How to build an effective Visit Segmentation from behavioural data
To do the job right, you need a process for finding and categorising visit types and a method of proving your work. This typically involves the categorisation of numerous web stream variables including types of content viewed, sequence and first click, search terms, milestones reached, time spent in navigation, time spent by area/topic, types of searching or transaction behaviour, topical interest and more, followed by a cluster analysis to identify true visit segments. In some cases, filter-based rules can be constructed using traditional Web analytics tools that capture straightforward visit patterns.
In general, the incorporation of online survey data can be used to both refine and prove the efficacy of the visit segmentation. By matching your behavioural segments to self-identifications, you can establish the degree to which your analysis captures “real” intent.
Behavioural cues are not always accurate, but fortunately in this segmentation, there’s no necessity to be right all the time.
Extending the Model
One of the most profound aspects of this model is its extensibility. The Two-Tiered Segmentation was originally designed to model Web behaviour. It turns out to be equally applicable to a wide range of digital and even offline activities. By casting your customer contacts into the model of “Intent” and “Success”, you can effectively unify data from sources as disparate as ATMs, Call Centre, Mobile Applications and the Web. When you’ve done this, you have a truly refined view of that most elusive of marketing concepts – the 360 degree customer view.
Summary and Conclusion
Digital data has placed unprecedented demands on both marketing analysts and database professionals. Huge data volumes, complex data, multiple channels with distinct data and a fundamental change in most channels from simple event-based data to streams of data, are challenging for most analysts and tools to manage. It all adds up to a huge new set of data analysis challenges.

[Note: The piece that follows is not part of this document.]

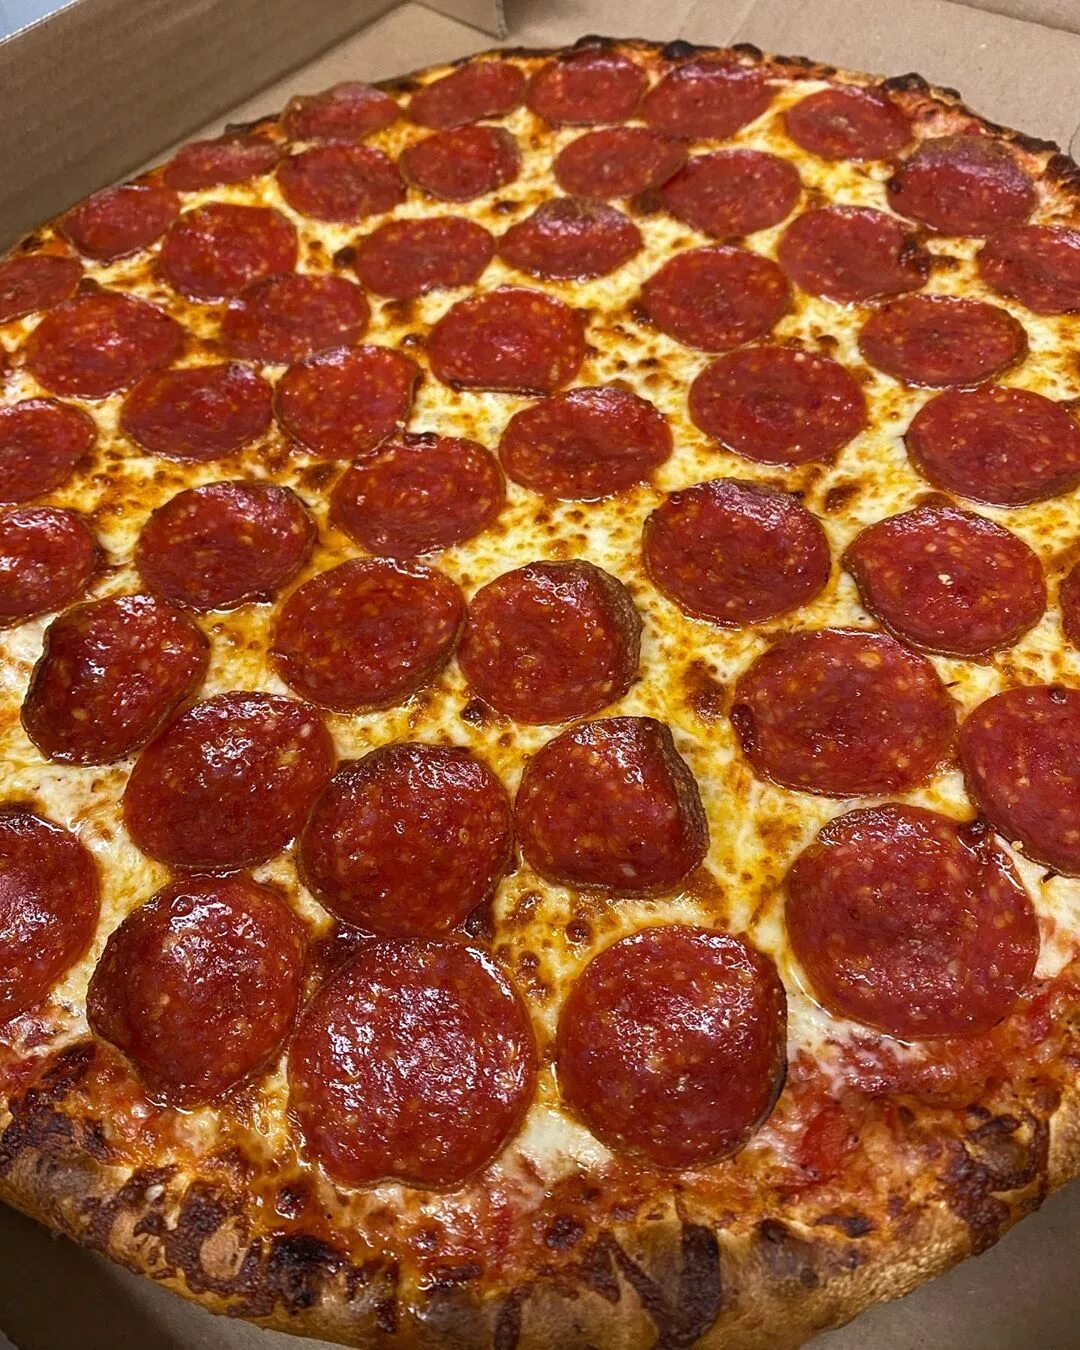 фото пиццы пепперони на столе дома фото 115

What’s required is a way to model the data from all these disparate and complex sources in a way that makes sense of it. Like most real solutions, segmentation is hard work. However, compared to the cost of storing, processing and integrating the vast amounts of customer journey data now finding its way into the warehouse, it’s truly a small investment. It’s a methodology that can make the difference between success and failure in the single most important investment in the world of Marketing IT.